Finally, he was close enough to talk, and I cringed inwardly as I imagined how the conversation would go. What came out of his mouth next wasn't quite what I expected, though.
"Hello, young lady," he began - the "young lady" part was not a bad start, if he'd just left it at that - "my friends and I are from _____ Baptist church in Statesboro, Georgia. We're here on a mission to help addicts." Did he think I was an addict? How could he have known? He then said, "Can I ask you a question?"
I kind of grunted, not a distinct "yes" or "no" grunt, but just an acknowedgement that he'd spoken.
"If you died today," he continued, "do you know where you would go?"
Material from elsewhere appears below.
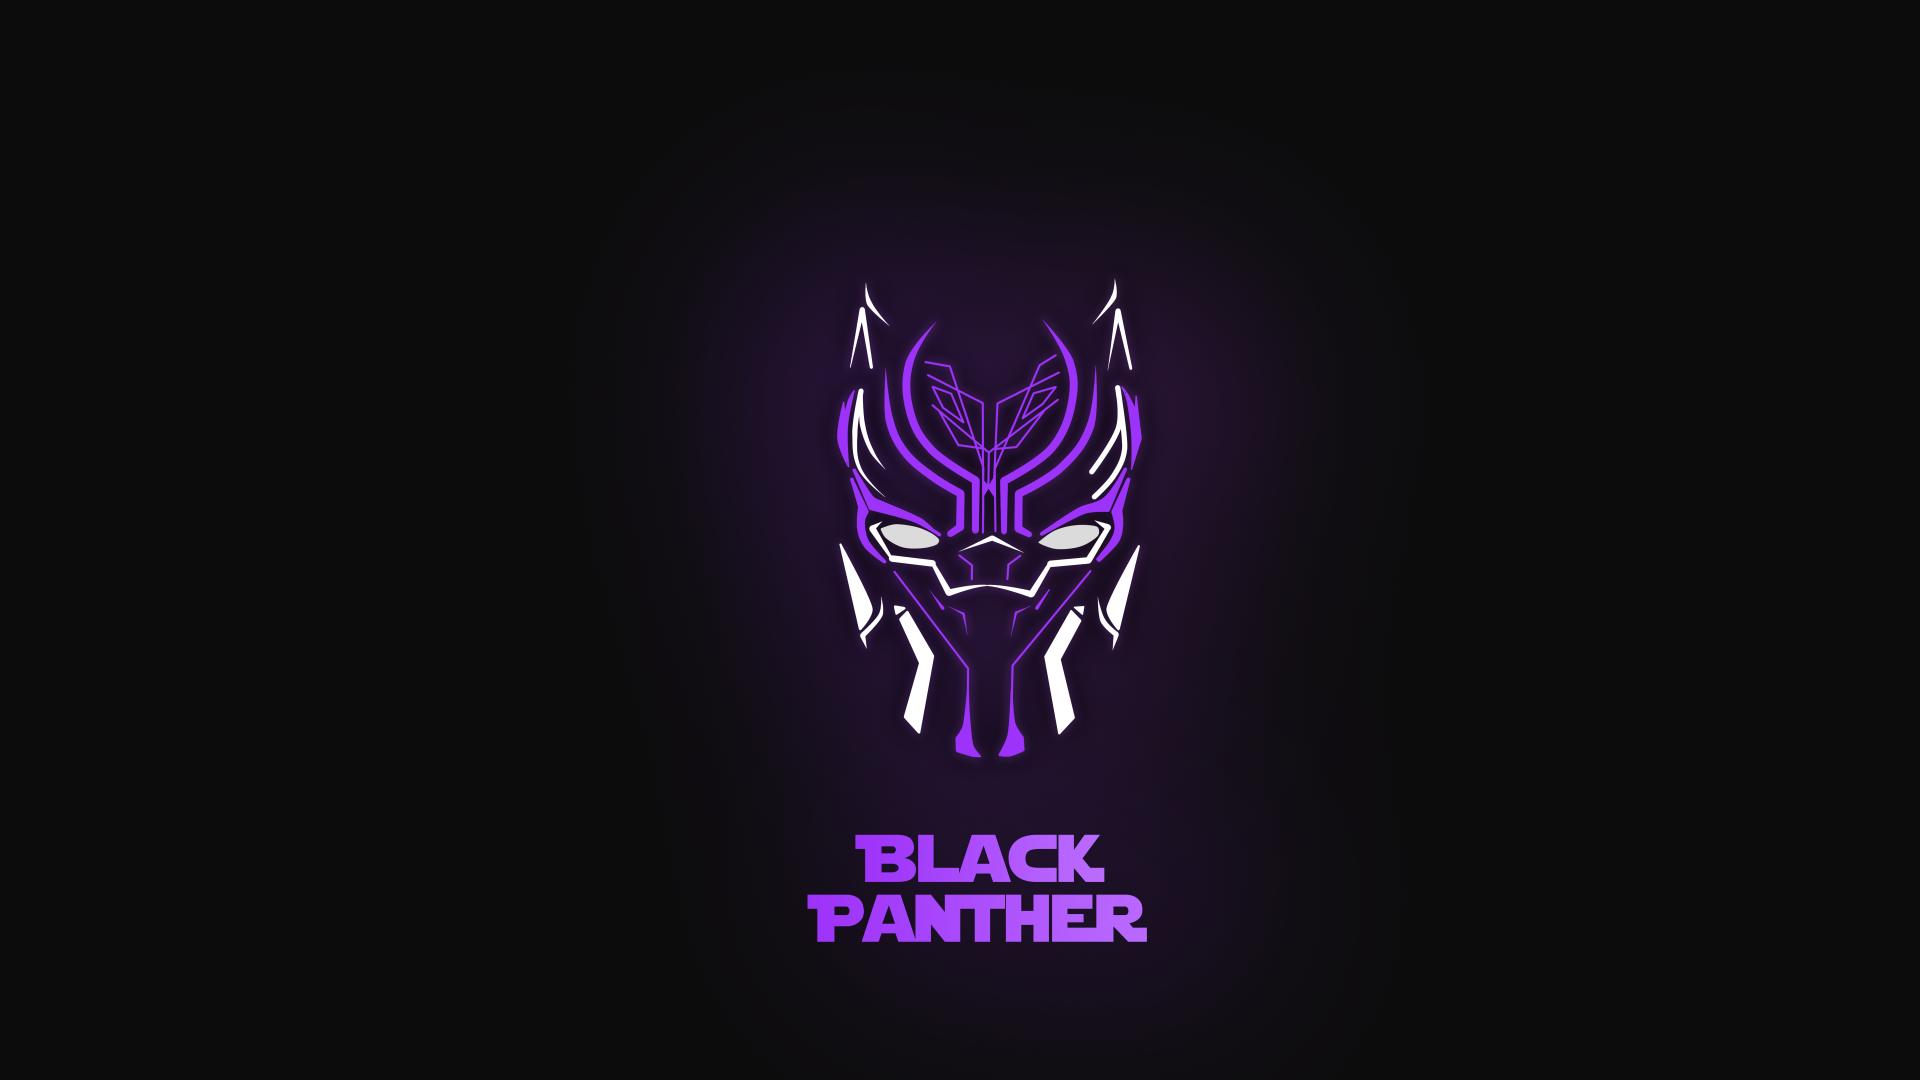 Download Wallpapers Of Black Panther Purple Dark Background Minimal Neon Hd 5k Creative Graphics Black Panther Hd Wallpaper Black Panther Neon Wallpaper
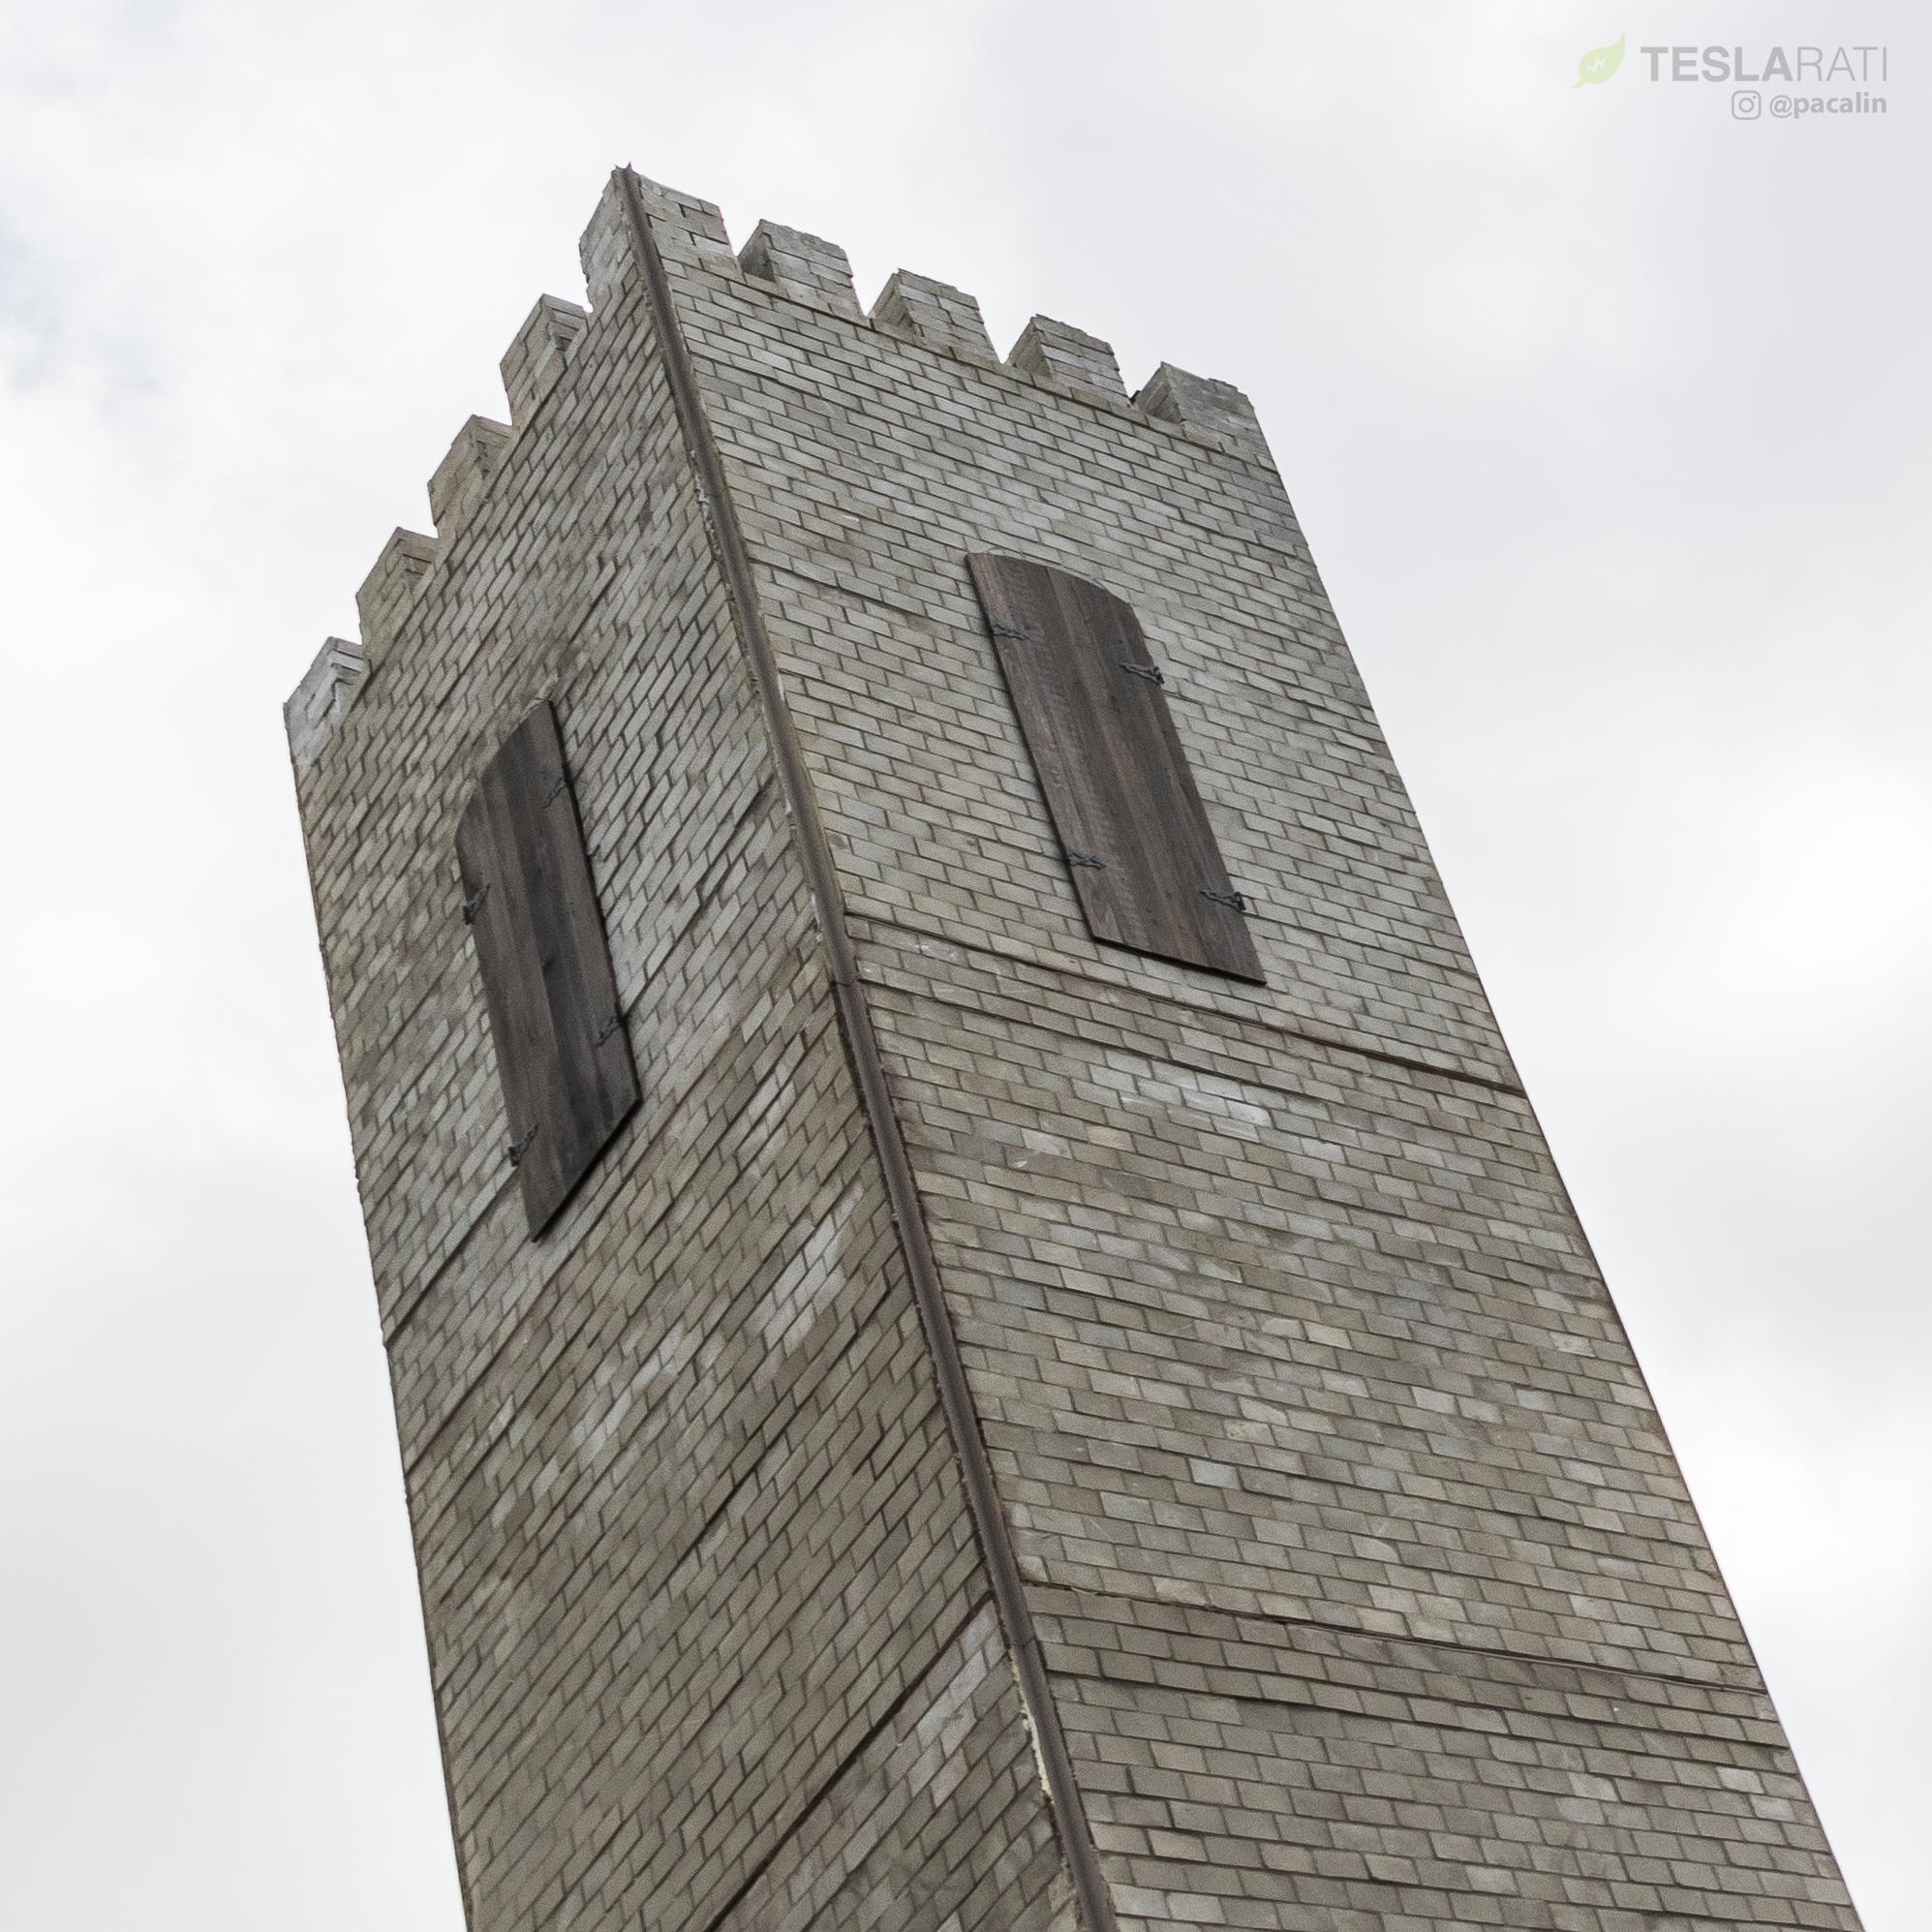 TBC-watchtower-complete-Pauline-Acalin-12172018-7

Awwwwwwww, fuck. Why didn't I see that comin'? Now, folks, don't get me wrong - I know lots and lots of very nice, rockin' people who are religious; they don't try to pull me into church, and I don't try to pull them out of church. We understand and respect one another. But nothin' will raise my hackles faster than some jackass who feels the need to chase me with a long-handled spoon and try to shove his or her deity of choice down my throat. When that person is a stranger, I find it even more offensive, presumptuous, and just plain rude. In my mind, to walk up to a stranger and ask "If you died today, do you know where you would go?" is just as uncalled for as approaching someone on the street and asking, "Do you prefer your anal sex lubricated or unlubricated?" It's not my business, and it's beyond the limits of good taste, even to somebody like me.
So, there were a lot of really cruel responses to that on the tip of my tongue, but the little shred of decency that's lodged itself in my brain where I can't quite get at it kept stoppin' me and sayin' "Hey, that guy's all fucked up and in a wheelchair. You really gonna tell him to bite your alleged scrotum?"
I answered as nicely as I could, "When I die? There will be a seafood buffet."
If it's possible, that response made his eyes bug out even a little more. I'm pretty sure that was not the answer he expected, not in the least. He sort of fumbled for words, and then all he could say was, "A seafood buffet?" His buddies had caught the conversation and were also starin' at me like I was some exotic and slightly repulsive creature that had just climbed in the back seat of their new car and taken a dump.
"Sure," I replied. "I'm confident that Jesus is savin' me some crab legs."
The three would-be convertors exchanged a look that said, "Oh, a difficult heathen."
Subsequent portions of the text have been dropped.